Paladins- lol nope. Honor and virtue fell by the wayside a long time ago on Athas, but what else would you expect from a planet this Darwinian?- Templars - Replace Paladins thematically, but more on the police side of things to the point they are essentially the Sorcerer-Kings's Gestapo. Ability-wise, they're more like Clerics with slower spell-progression but more spellslots and the ability to use any weapon. Worship the Sorcerer King who rules their city.
- Psionicists - Psionicists are considered accepted and normal in this setting. In fact, every PC is guaranteed to have at least one psionic power! OMGWTF! (Well, this sounds nice, until you realize pretty much everyone does, especially monsters.) Think Jedis, kind of. Wanna move shit with your mind without casting a spell like some bitch ass looking wizard? Check. Mindrape? Check. Fucking Time Travel? Double Check. Unfortunately suffered from the fact that psionics in 2e were a horrible mess, and with a few notable exceptions, most of your powers are either incredibly niche or use clunky subsystems.
- Rangers - Same old shit. Think Aragorn in the desert.
- Rogues - Pretty similar to the non-Athasian kind. Attracted a Patron at level 10, aka you work for me now bitch.
- Wizards - Two types exist in the setting, but everyone hates them both:
- Defiler - Evil mages, who suck out the life force of things. When they level up enough, they usually have an allergic reaction called dragon metamorphosis.
- Preserver - Mages who are not manly enough to steal huge amounts of life force, so they sacrifice efficiency to keep the stuff around them alive. Unfortunately for them, the commoners think all wizards are the same "technically true btw". Fortunately for them, most of their shit can be passed off as psionics. When they grow up enough to be considered bad ass they turn into the manta ray like aliens from Abyss.
- Cerulean Mages were added after the Prism Pentad novels caused the whole series to be rewritten, and are basically neutral mages who try to use the giant raging storm elemental now stranded on Athas as a battery.

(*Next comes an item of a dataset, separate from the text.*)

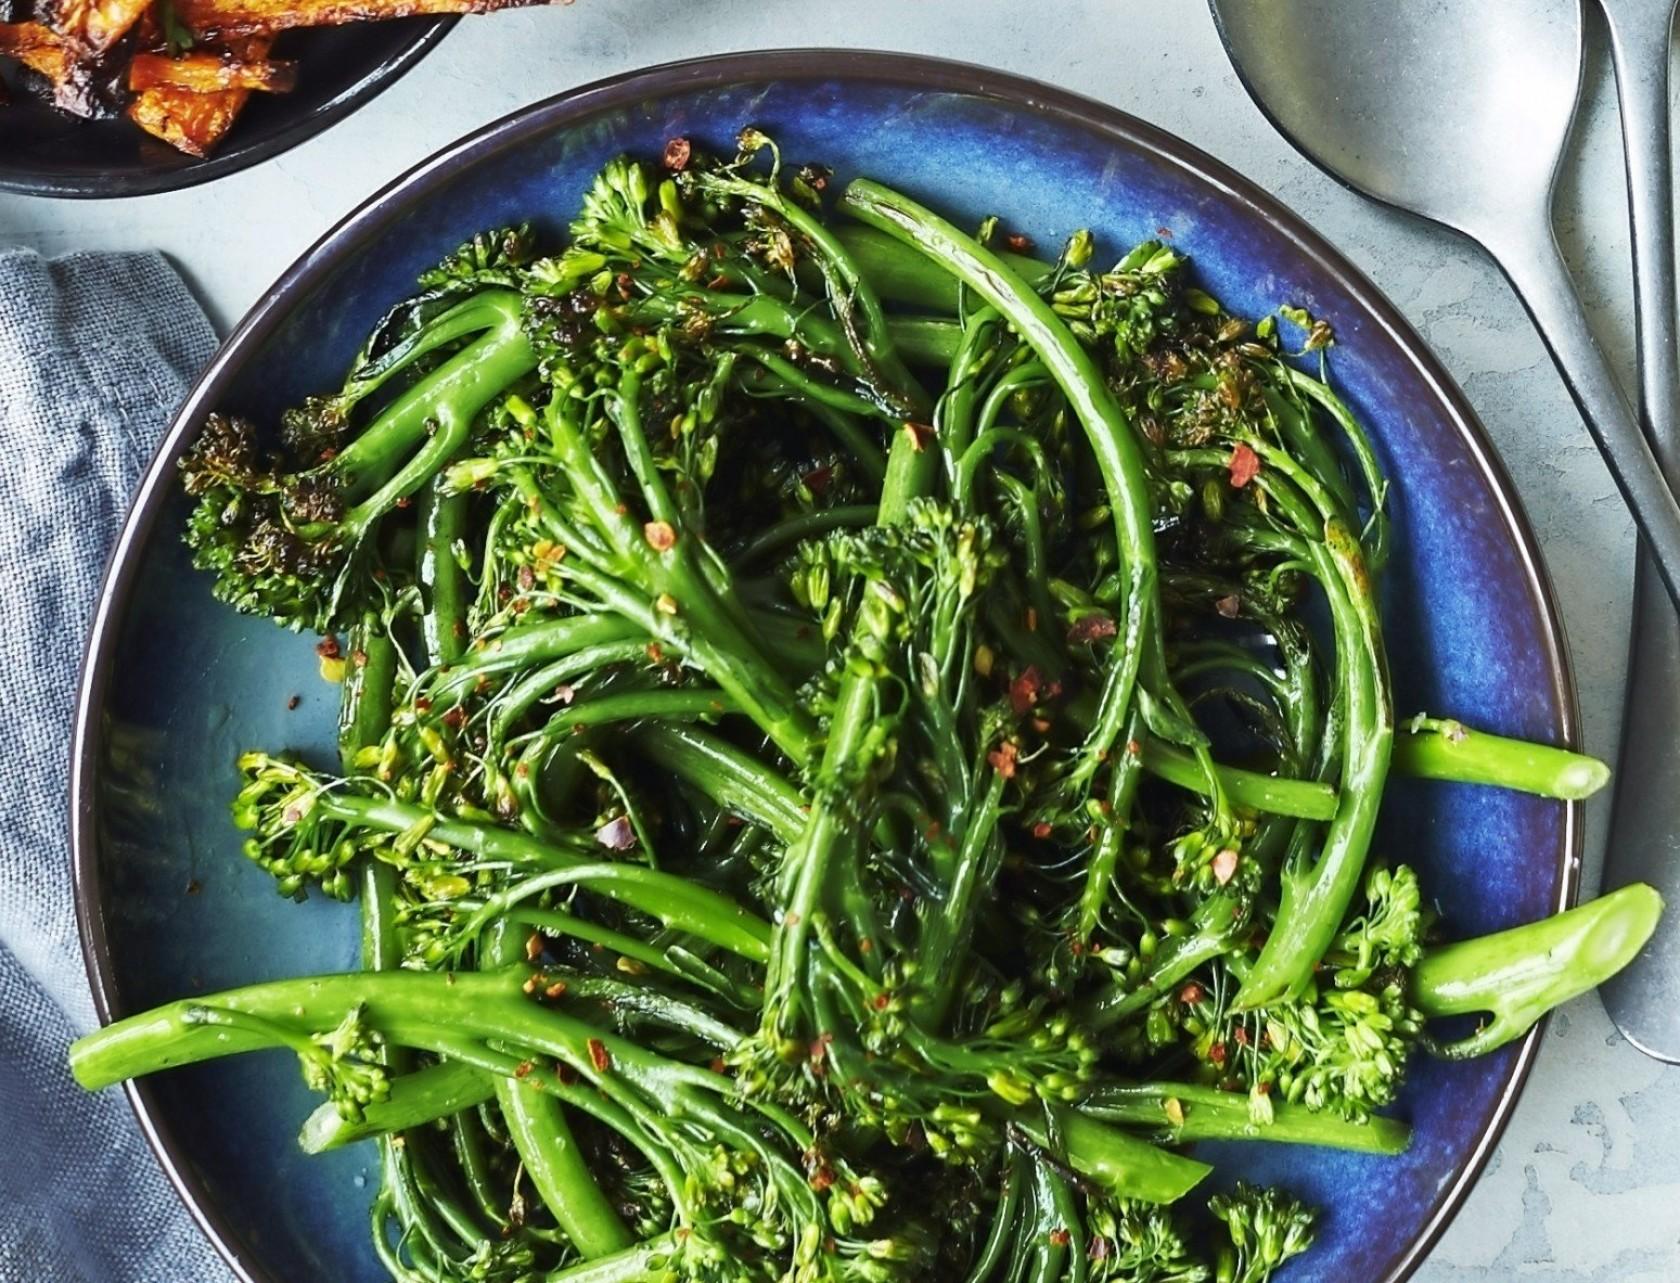 Lynstegt aspargesbroccoli med chili - det perfekte tilbehør!

- Necromancers were retconned into the setting as wizards who draw power from the realm of the dead, which slowly turns them into undead beings. Ironically, they're actually neutral aligned, and technically even potentially good aligned because their powers don't require them to hurt the planet and undeath isn't hungering for life any worse than magic itself does.
- Shadow Mages are like Necromancers, but they draw from the Plane of Shadow instead of the Gray.
Sorcerer-Kings[edit]
The Sorcerer-Kings were the jerks chosen by Rajaat with the deepest reservoirs of hatred (read:racists) for everything. Except halflings. Or was it humans. SPOILER! These were usually the big bad dudes that Dark Sun campaigns revolved around killing. Unfortunately, author Troy Denning killed off most of them in the series The Prism Pentad, thus giving the campaign setting nothing left to live for. TSR brought out a small post-novel supplement entitled "Beyond the Prism Pentad", which also included references to a product called "Dark Sun: A New Age" that was never released, to try and save what little scraps of the setting was left after Denning's royal buttfuck of it all. It didn't work. As a result, TSR brought it out back and shot it while you cried in your mother's arms. When it came back for a 4E splat, this killing spree was effectively retconned under the same anti-continuity clause that Eberron held to.
Most/all Sorcerer-kings were/are in various stages of Dragon metamorphosis -- i.e. turning into a Dragon, you idiot -- as a result of their addiction to Defiling. "Real" dragons don't exist on Athas, and only the most powerful Wizard/Psionicists with the help of handy forbidden lore could start on this journey to REAL ULTIMATE POWER. Side effects include deepening of voice, a bad case of scaly skin, and the desire to FUCKING KILL EVERYTHING. Which gave rise to the most stupid/common-sense Dark Sun rule ever, via the rulebook Dragonkings, where a 25th level Dragon, if you were lucky/good enough to make it that far and survive a series of spells that had an outright chance to kill you, WAS COMPLETELY TAKEN OVER BY THE DM UNTIL LEVEL 30. How fun is that shit. The reasoning being the Dragon entered a period of Animalistic Rage. And of course, only the DM could properly portray that shit, moron. Go sit on the couch and shut up. (Granted, it was better than giving players literal dragon-god-like power, given the tendencies of the sorts of player willing to commit the atrocities necessary to become a dragon to steal, fuck and kill everything they see including their fellow PCs. Remember how all the other Dragon Kings were literally fueled by genocide?)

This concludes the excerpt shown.